John Steinbeck IV, one of the sons of the iconic American author of such classic novels as The Grapes of Wrath and Of Mice and Men, was a journalist, screenwriter, and memoirist. In 1965, John was drafted into the U.S. Army and went to Vietnam, where he served as a broadcast specialist and war correspondent. His memoir In Touch, published in 1969, relates his wartime experiences. Following his military service, John returned to Vietnam as a journalist. He founded Dispatch News Service, which broke the story of the My Lai Massacre and the Con Son Prison “tiger cages.” John took up residence in Saigon and on Phoenix Island in the Mekong River, the religious haven of the followers of the Coconut Monk, Dao Dua. John’s article “The Coconut Monk,” republished in the Spring 2019 issue of Tricycle, tells of his tutelage under the eccentric, widely revered, and politically powerful tree-dwelling yogi of the title.

After Vietnam, Steinbeck eventually settled in Boulder, Colorado, where he became a student of Chögyam Trungpa Rinpoche. John and his wife, Nancy, were among the first outspoken critics of abuses within the community that formed around Trungpa and his successor, Osel Tendzin. In 1988, after years of alcoholism, John turned to sobriety and started participating in Twelve Step meetings. In 1990, he began work on his autobiography, but in 1991, while undergoing corrective surgery for a ruptured disc, he died suddenly. He was 44. His unfinished manuscript was completed by Nancy Steinbeck and was published in 2001 as the co-authored The Other Side of Eden: Life with John Steinbeck.

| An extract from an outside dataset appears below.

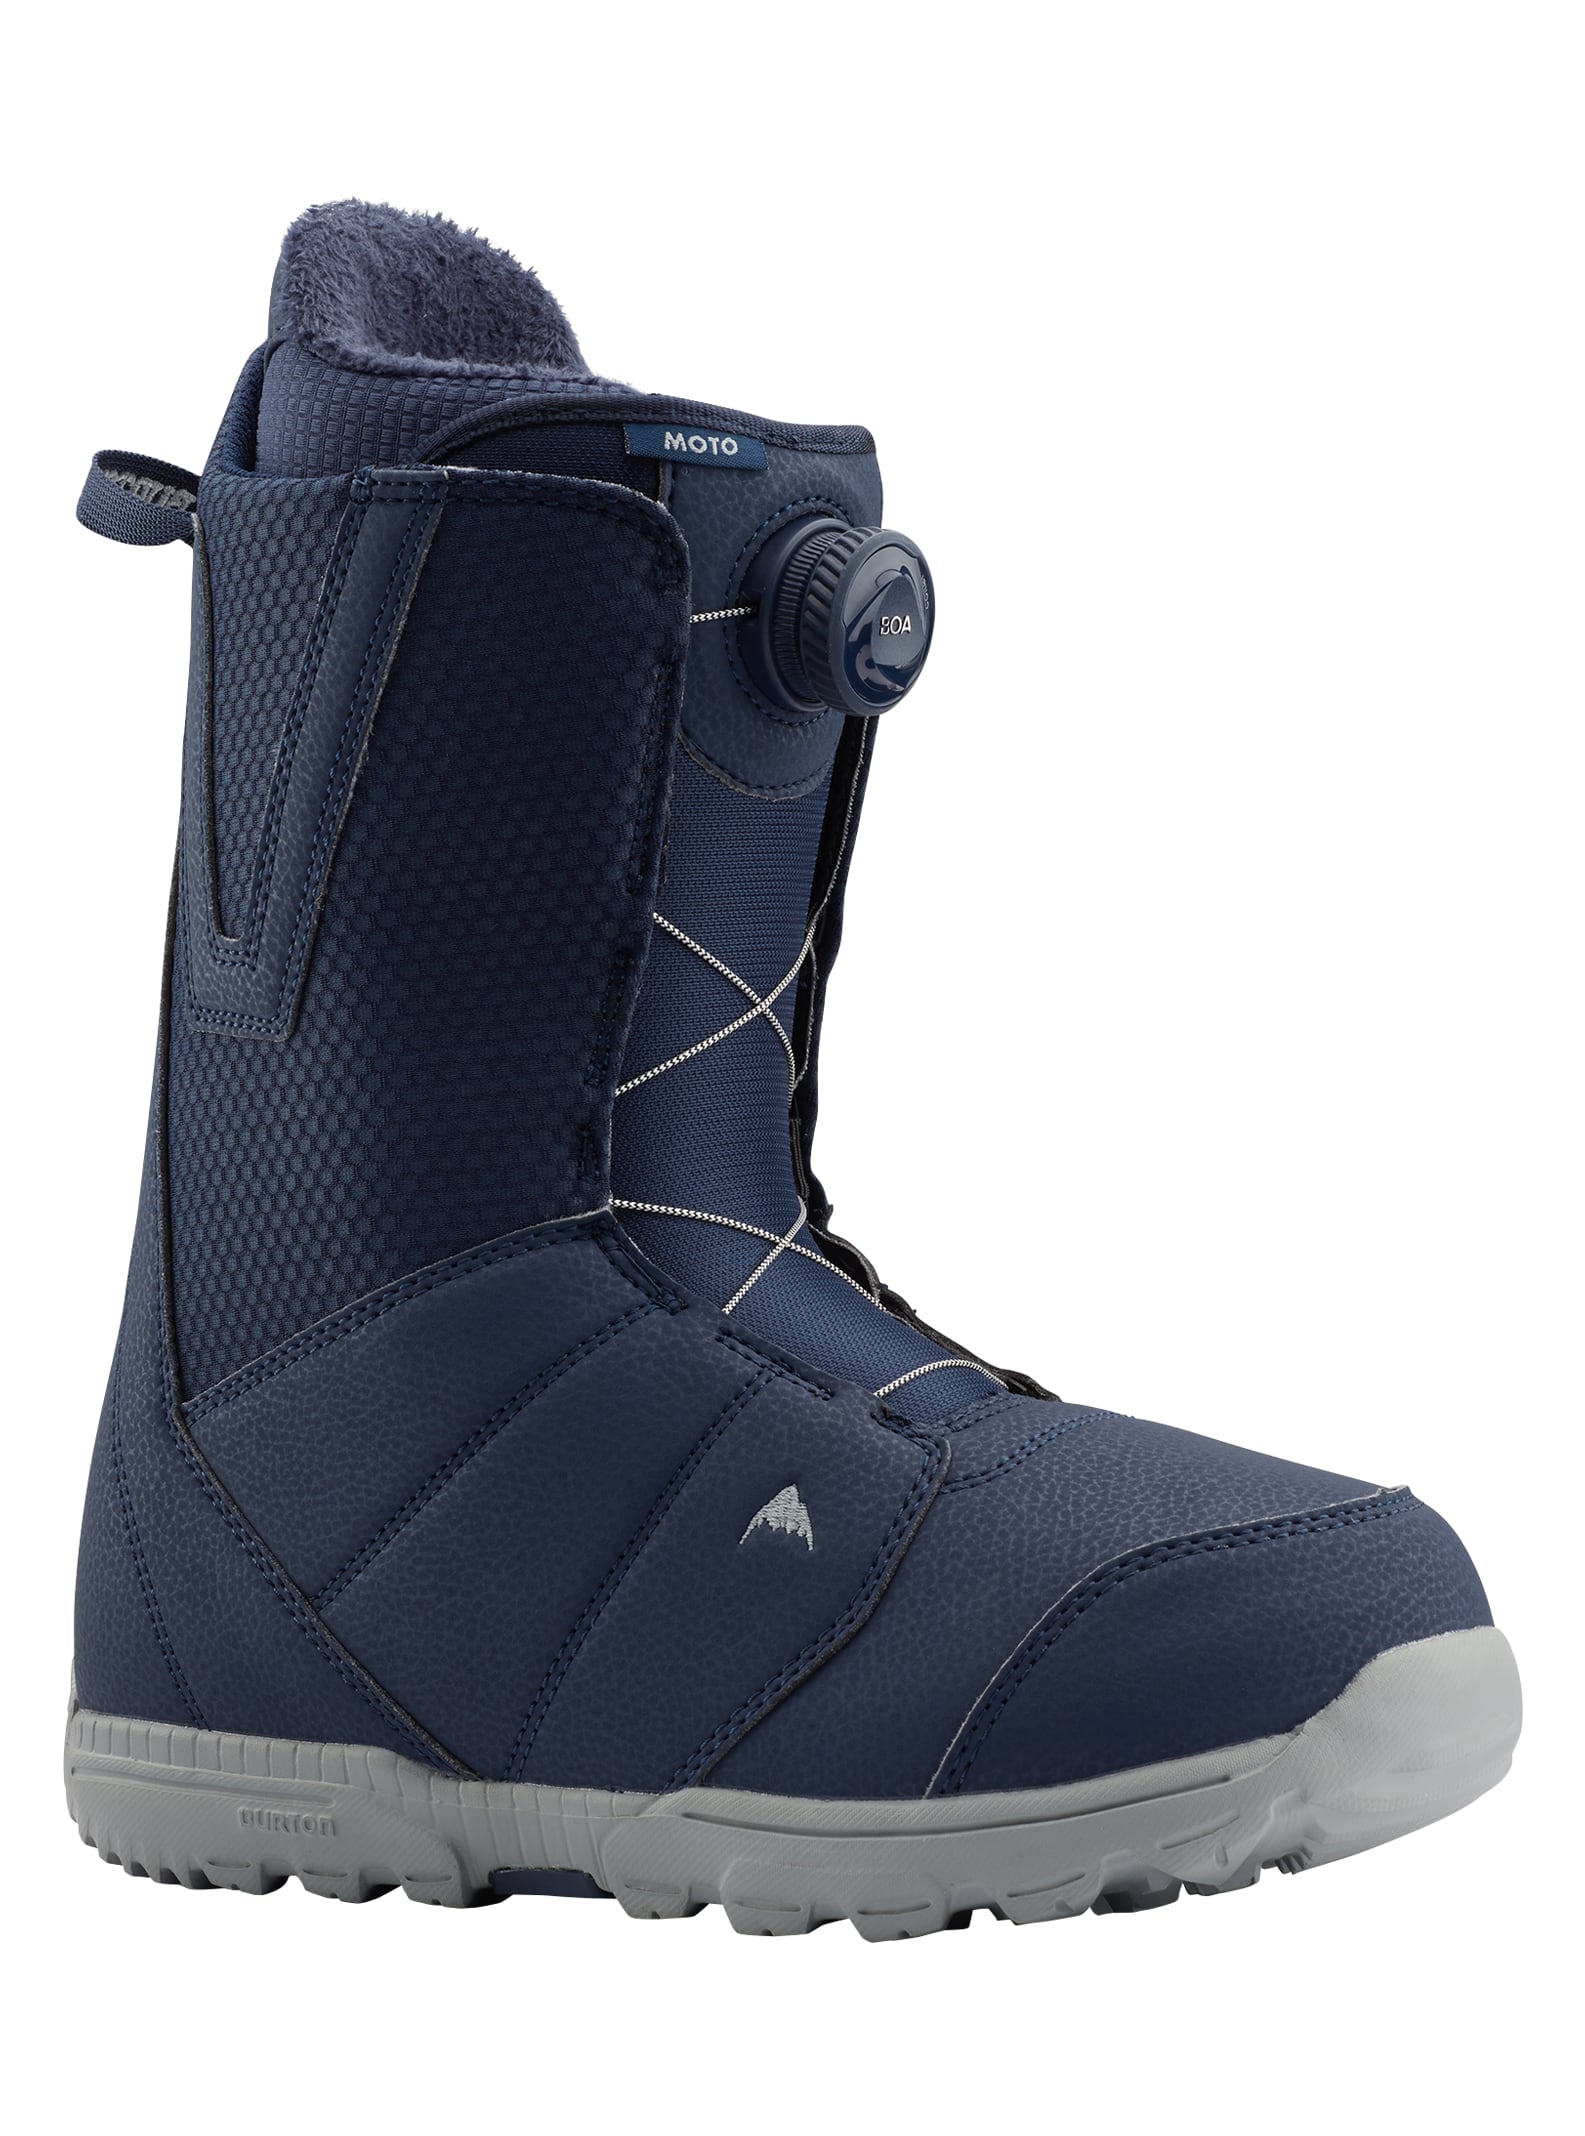 Men's Burton Moto Boa® Snowboard Boot 
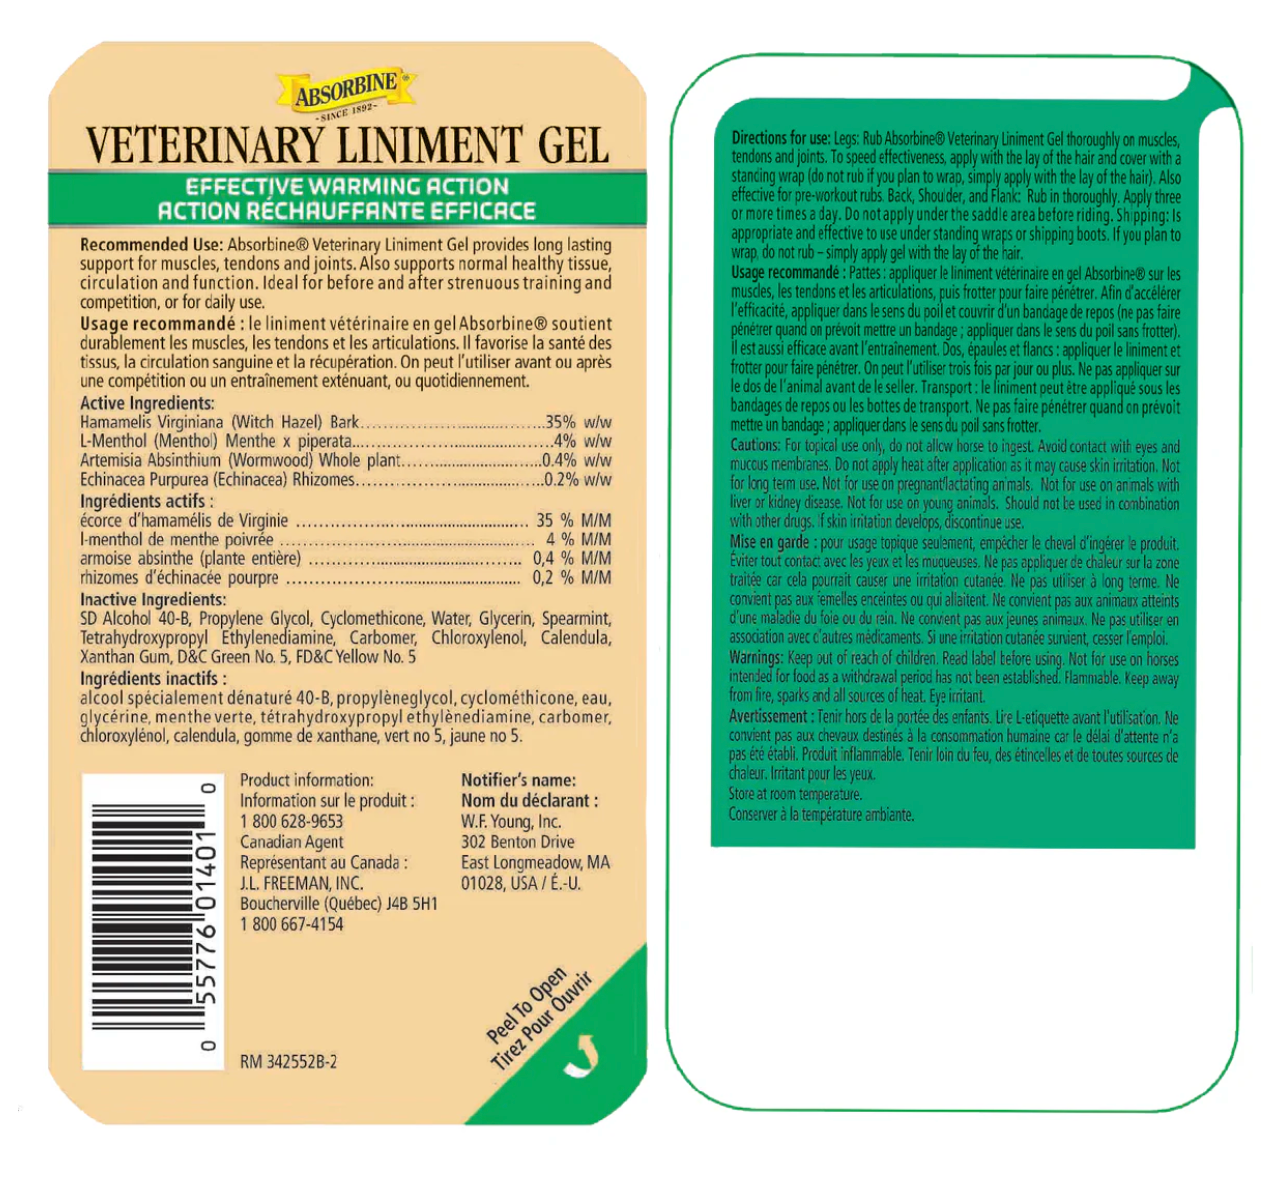 Veterinary Liniment Gel

John Balaban, who had served in Vietnam evacuating war-injured children, first met Steinbeck in Saigon prior to going to Phoenix Island, where he taped and translated the oral poetry sung for centuries in the countryside and later published in his Ca Dao Vietnam: Vietnamese Folk Poetry. Balaban is the author of thirteen books of poetry and prose, including the wartime novel Coming Down Again. His books have won the Academy of American Poets’ Lamont Poetry Prize, inclusion in National Poetry Series, and two nominations for the National Book Award.